FDBP-InSAR: An Efficient Algorithm for InSAR Imaging via Frequency Domain Back Projection

Abstract

High-quality focusing with accurate phase-preserving is a significant and challenging step in interferometric synthetic aperture radar (InSAR) imaging. Compared with conventional frequency-based imaging algorithms, the time-domain back-projection algorithm (TDBPA) can greatly ensure the accuracy of imaging and phase-preserving by point-to-point coherent integration but suffers from huge computational complexity. In this paper, we propose an efficient InSAR imaging method, called a frequency-domain back-projection algorithm (FDBPA), to achieve high-resolution focusing and accurate phase-preserving of InSAR imaging. More specifically, FDBPA is utilized to replace the traditional point-to-point coherent integration of TDBPA with frequency-domain transform. It divides the echo spectrum into uniform grids and transforms the range compression data into the range frequency domain. Phase compensation and non-uniform Fourier transform of the underlying scene are implemented to achieve image focusing in the wavenumber domain. Then, the interferometric phase of the target scene can be preserved by accurate phase compensation of the target’s distance.
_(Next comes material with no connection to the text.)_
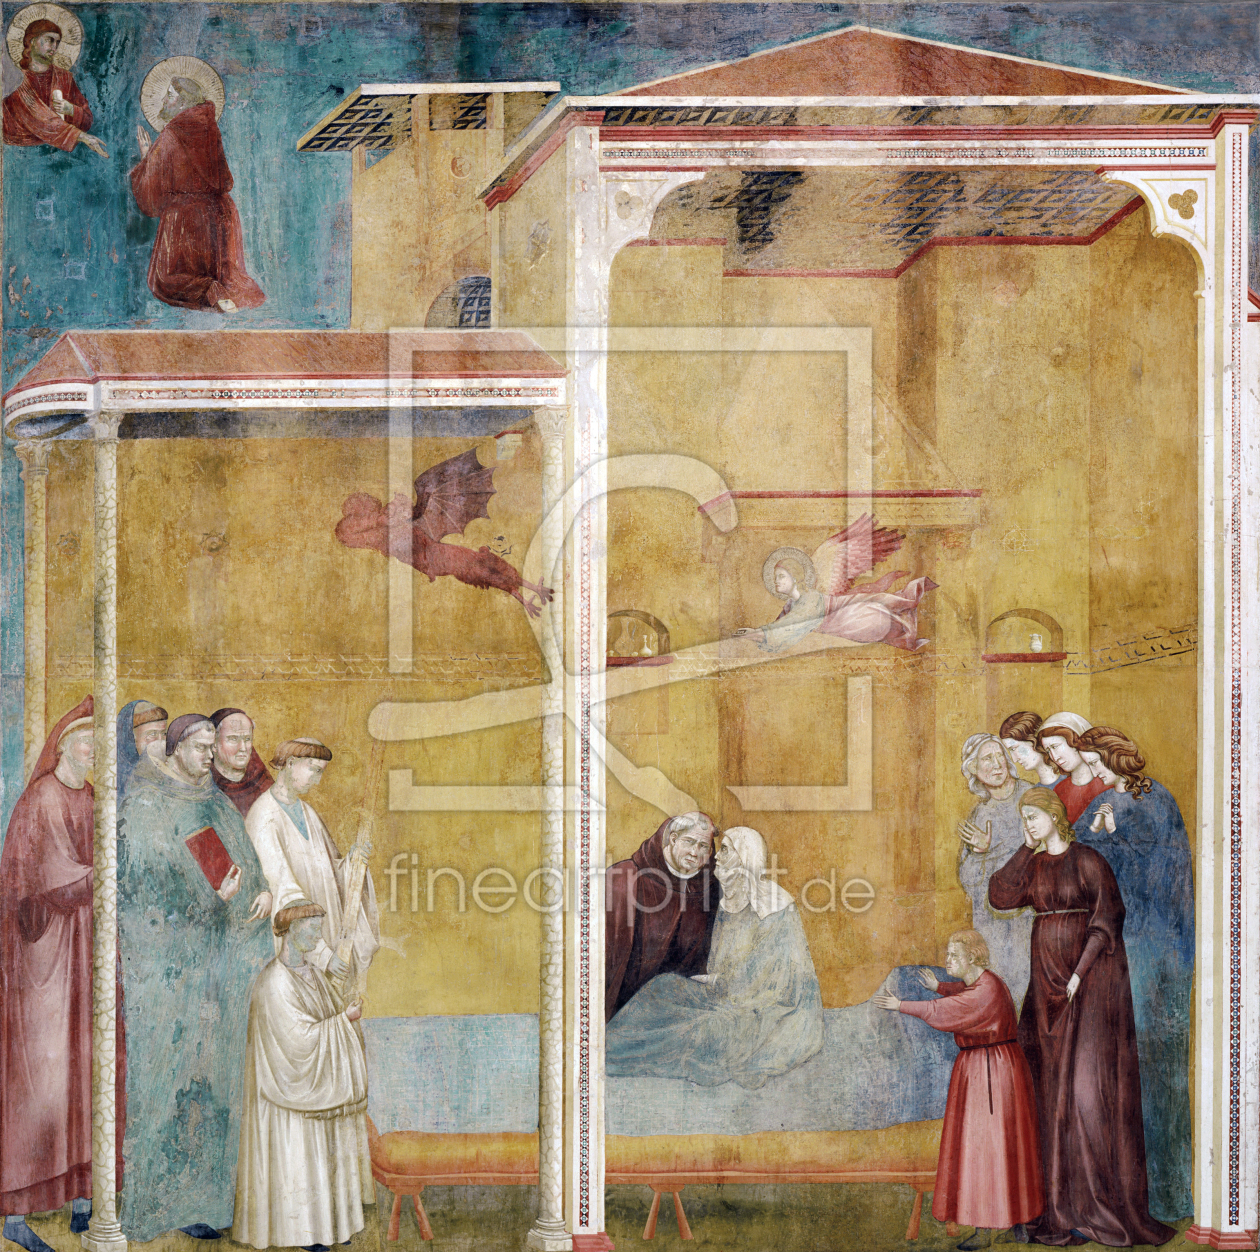 Bild-Nr.: 30001942 Giotto / Confession of the woman erstellt von Giotto di Bondone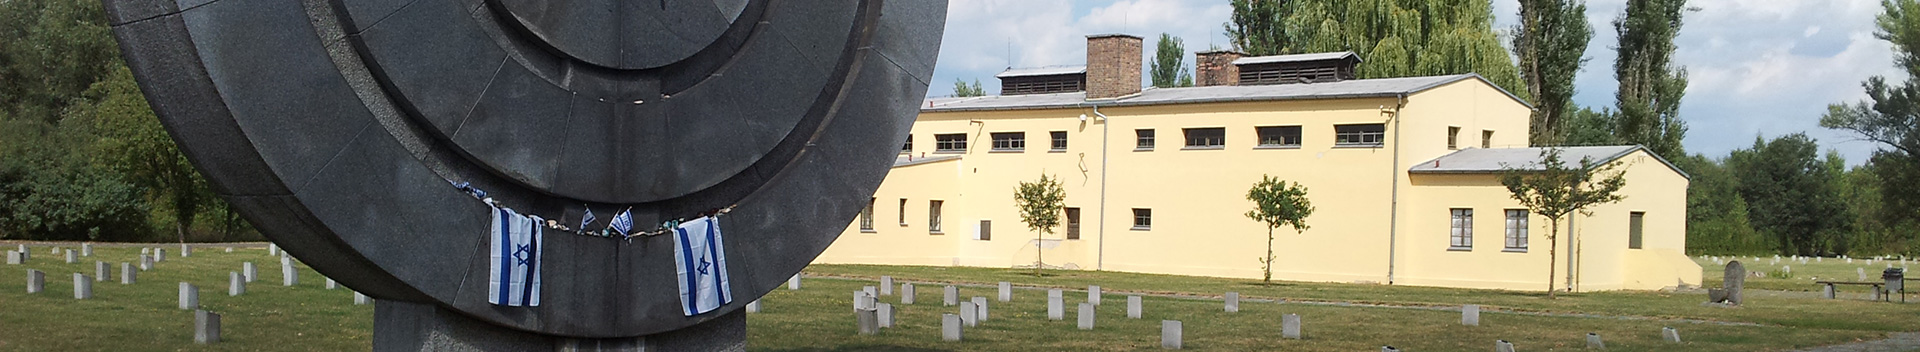 Terezin Prague Tours – Terezin Concentration Camp Private Tours

FDBPA avoids the repetitive calculation of index values and point-to-point coherent integration which reduces the time complexity compared with TDBPA. The characteristics of focusing and phase-preserving of our method are analyzed via simulations and experiments. The results demonstrate the efficiency and high-quality imaging of the FDBPA method. It can improve the imaging efficiency by more than three times, while keeping similar imaging accuracy compared with TDBPA.